Friday, 28 August 2009

A book-filled week

- again! This first picture shows the kitchen table five minutes after returning from the mobile library. Yes, I can see you all turning your heads sideways LOL. The mobile library is a fortnightly treasure house for me. I don't drive, through my own choice, and time with family is take up with other things at weekends, plus OH has changed job and hours etc, so a visit to the terrestrial library is getting a bit rare these days. No matter - the library van is wonderful - I can request books online for free, and suggest book purchases, hire DVDs, buy stamps etc. A regular jar of jam and or chutney plus a Christmas present for the two staff help things along, and they often put aside books they think I might like.

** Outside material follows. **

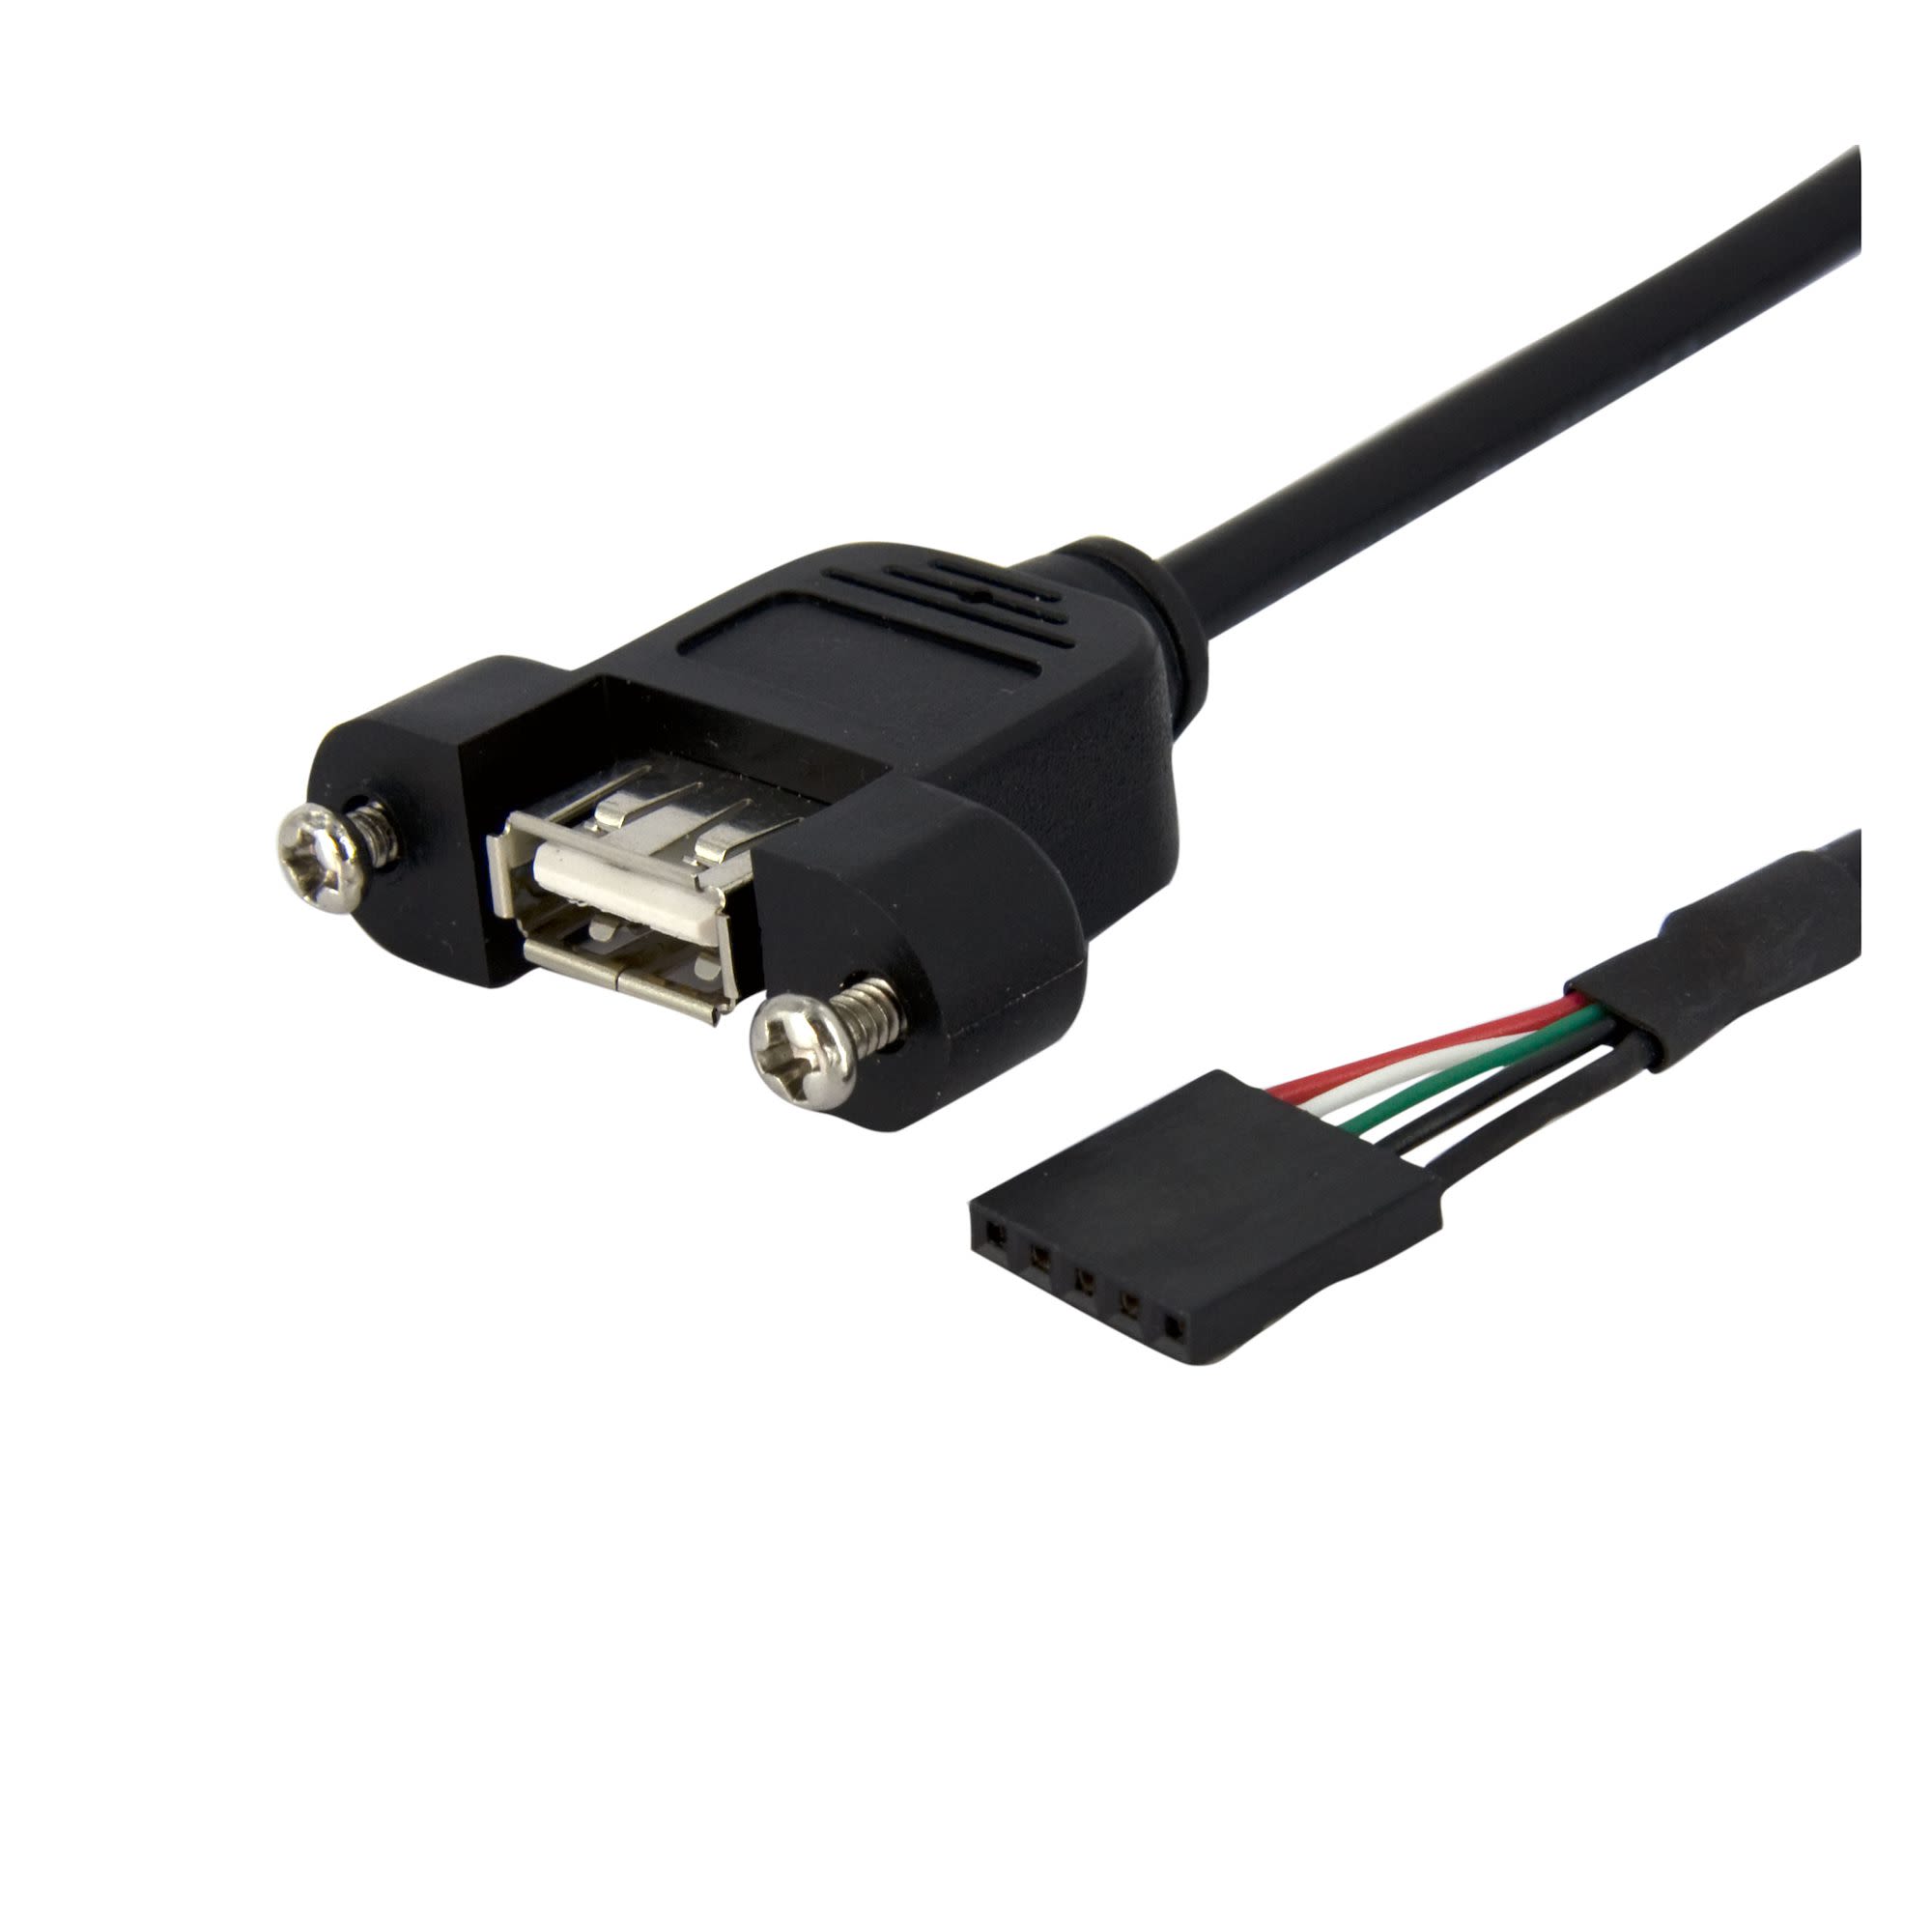 StarTech.com Female USB A to Female 20 Pin IDC Cable, USB 2.0, 900mm
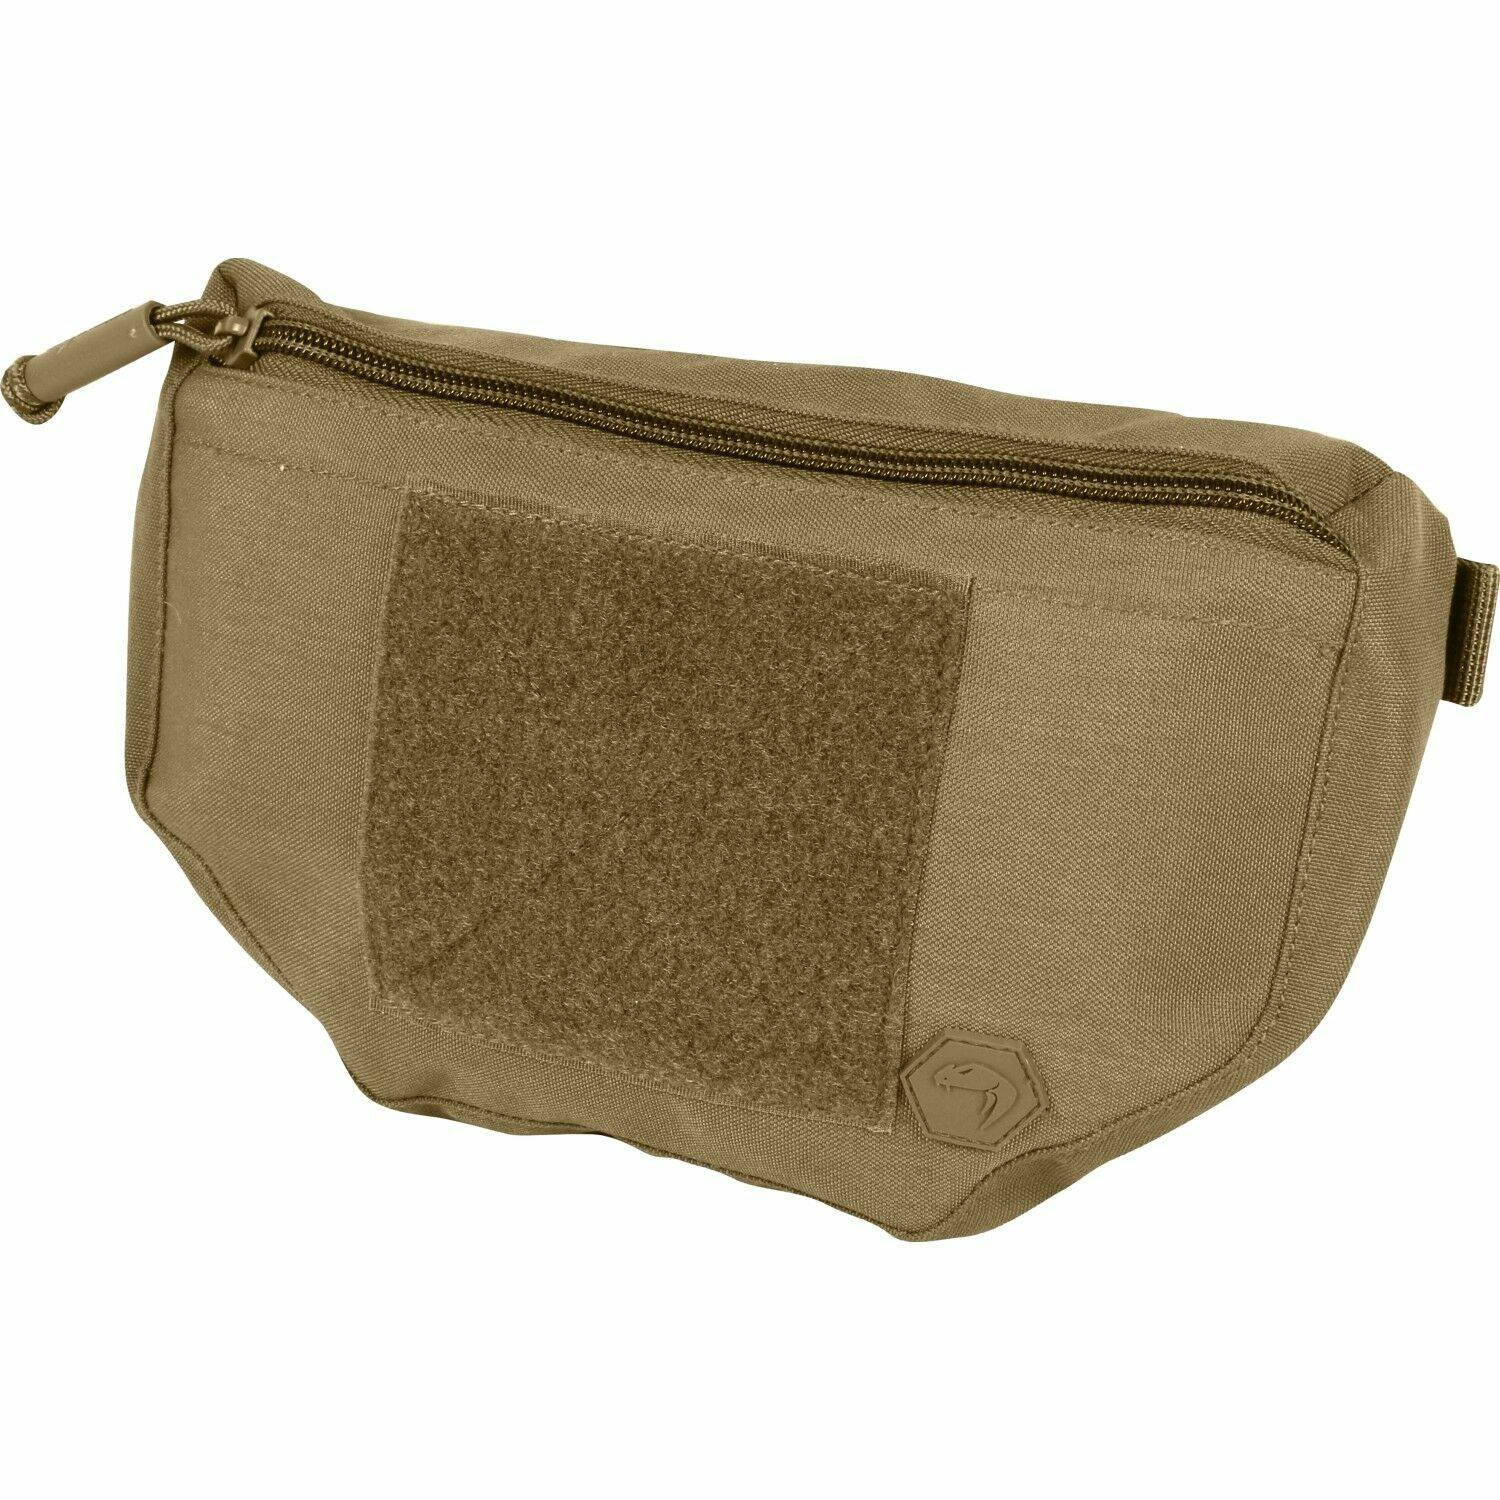 Viper Scrote Pouch Pack Black Tactical Belt Bag Country Hunting Shooting

Can't be beaten, in my view.

These other two pictures show the charity shop haul I got this morning, all for £5. I knew I cleared my shelves last week for a reason! The princely sum of 80p for the Sarah Raven book with the astonishingly gorgeous cover was the icing on the cake. So, with this pile, I get to feed my armchair travelling ( see post below), gardening, foraging and biographical habits all for that relatively small sum. I also managed to find a bobbin of shirring elastic for 10p, so that was useful too.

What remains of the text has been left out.